• **Collected material**
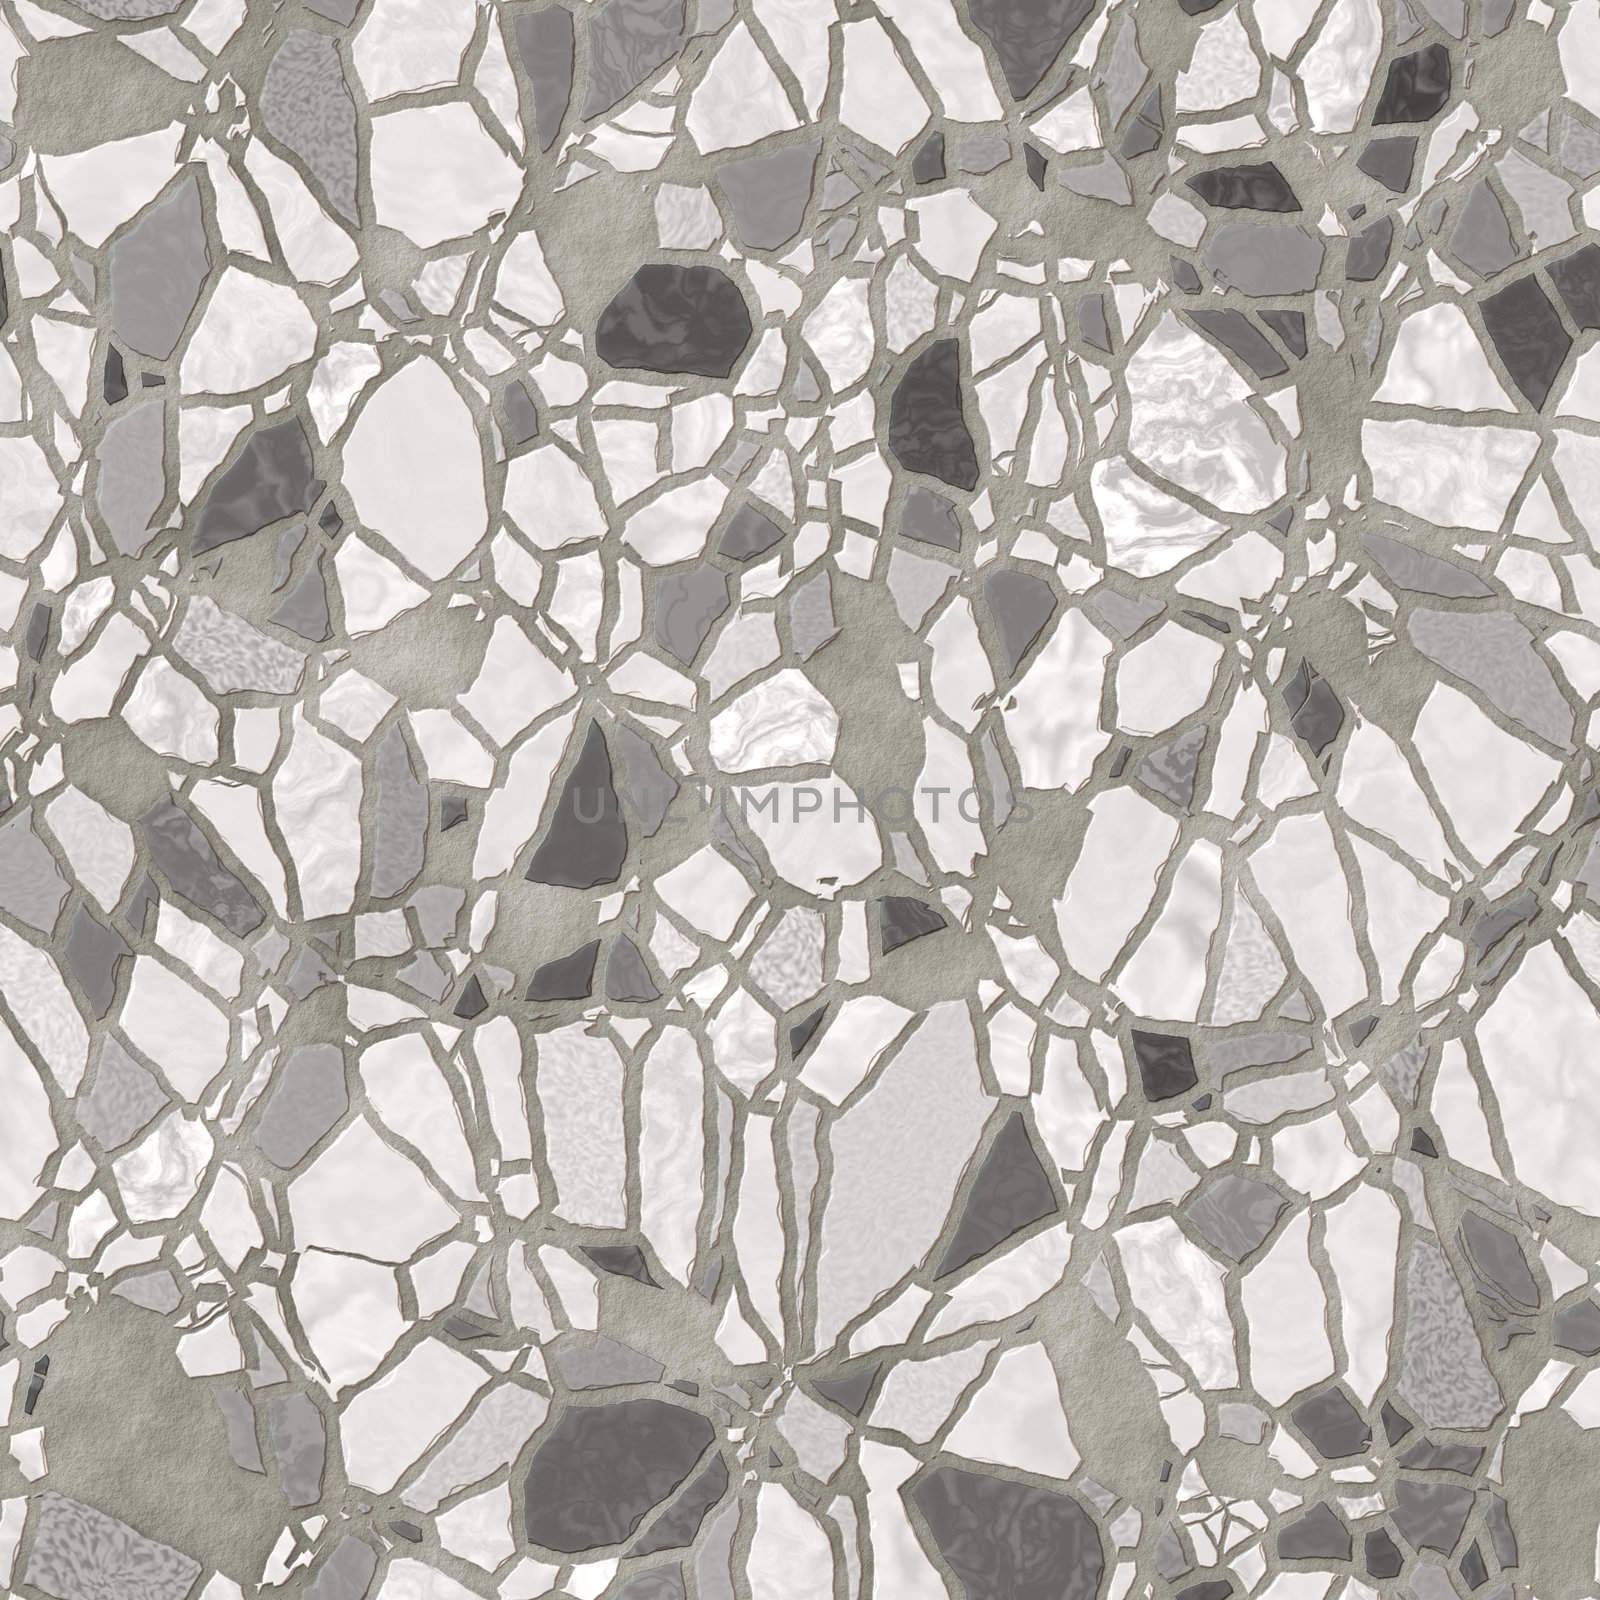 An illustration of a seamless texture tiles
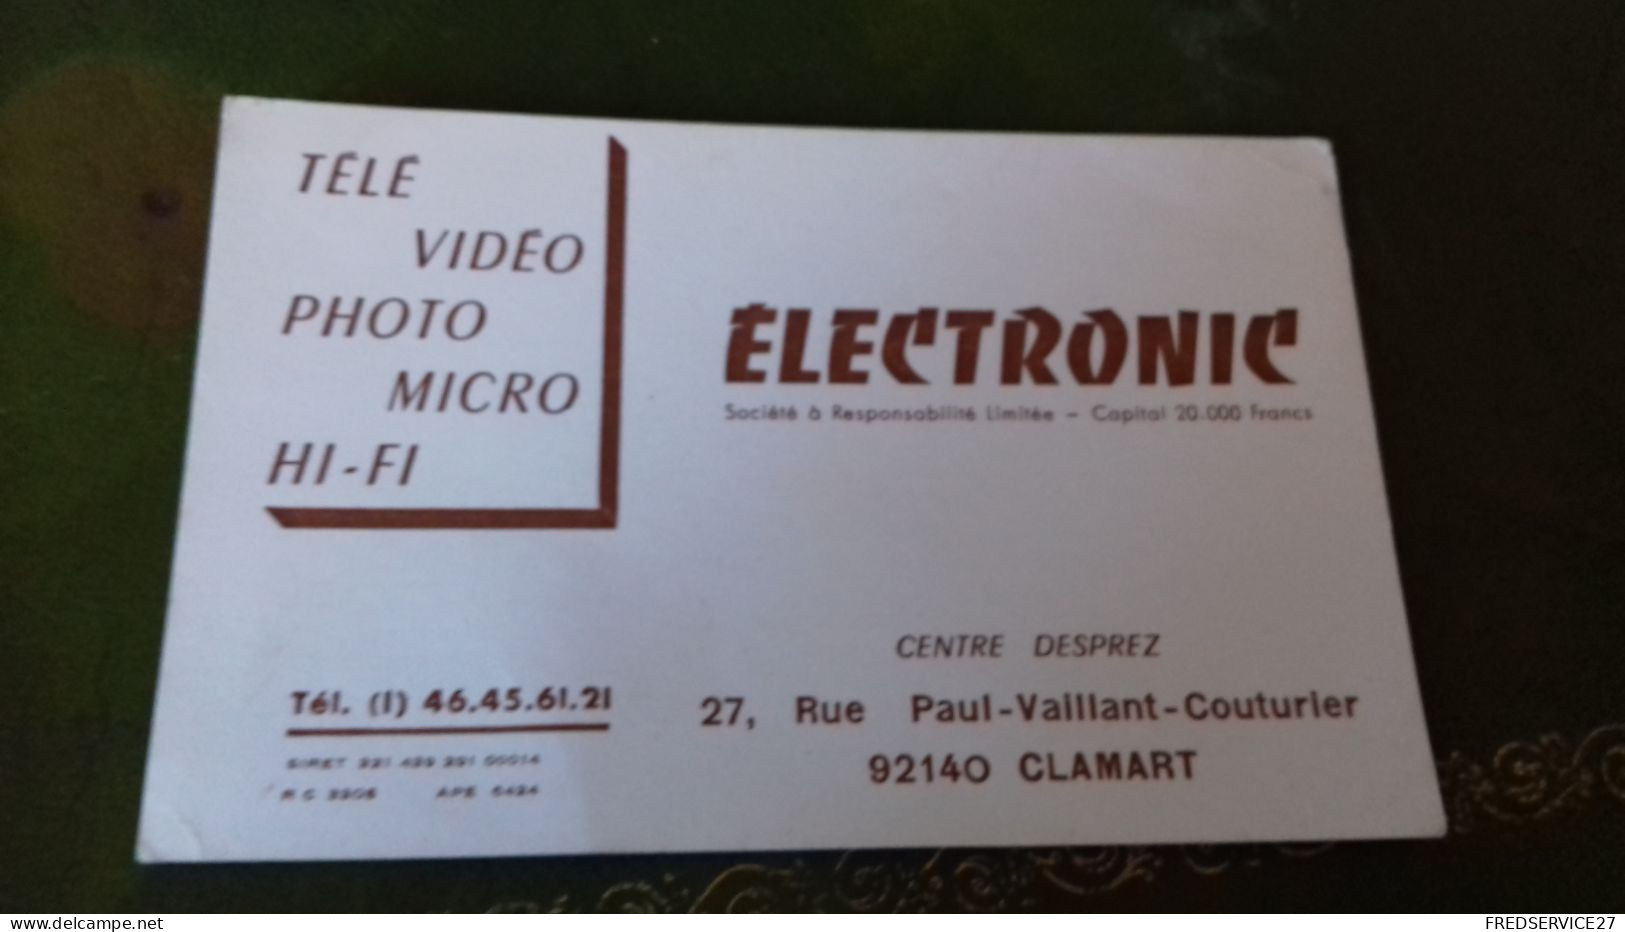 236/ CARTE DE VISITE ELECTRONIC CENTRE DESPRET CLAMART 92140 - Tarjetas De Visita
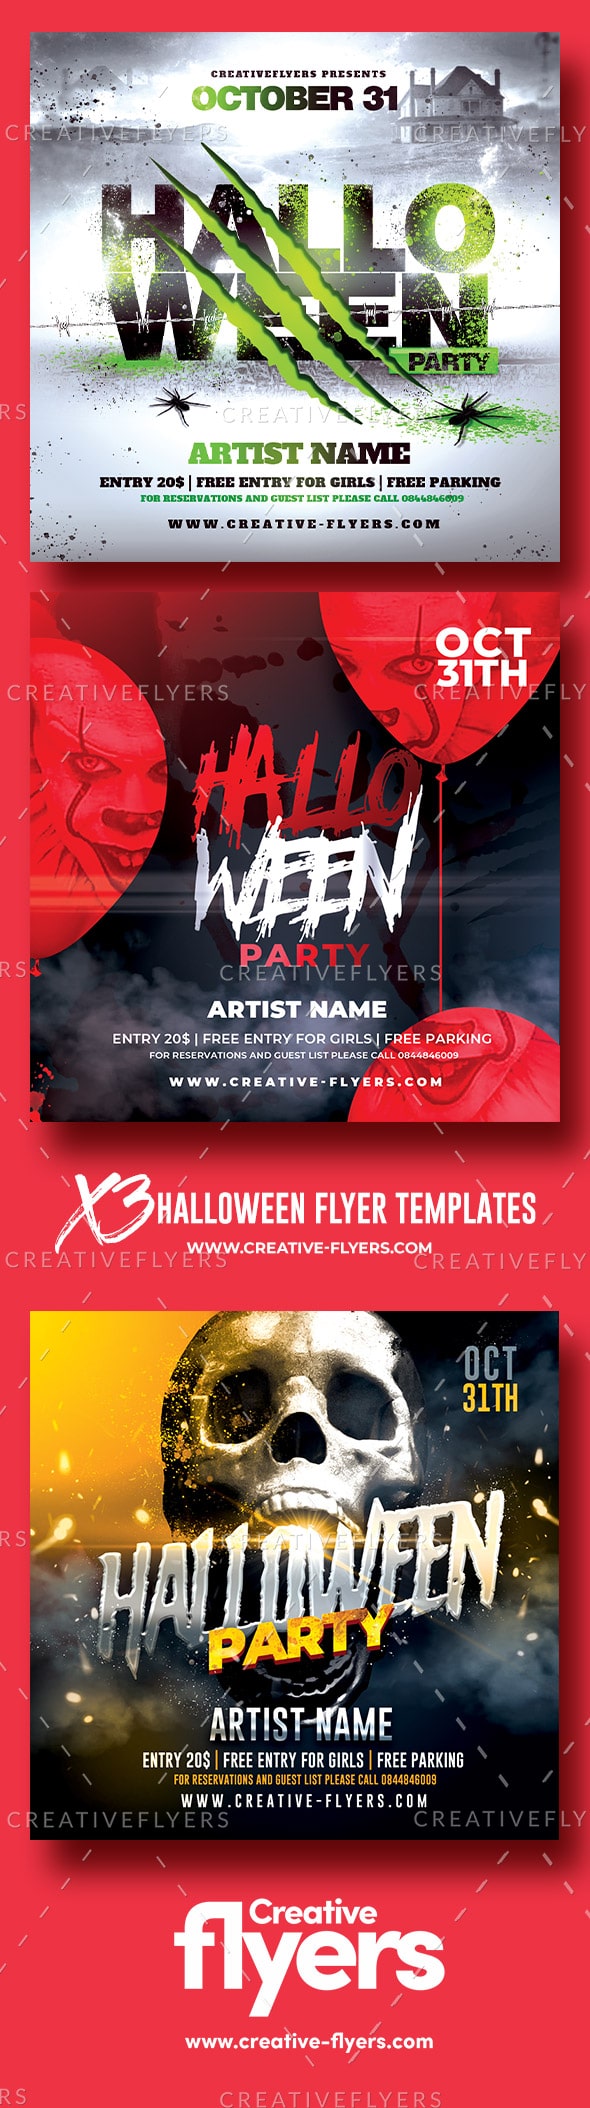 3 Halloween Flyer Templates

• **What you need to do**
One exact copy of the data, no pictures: write it out line for line.

• **Task solution**
 An illustration of a seamless texture tiles
 236/ CARTE DE VISITE ELECTRONIC CENTRE DESPRET CLAMART 92140 - Tarjetas De Visita
 3 Halloween Flyer Templates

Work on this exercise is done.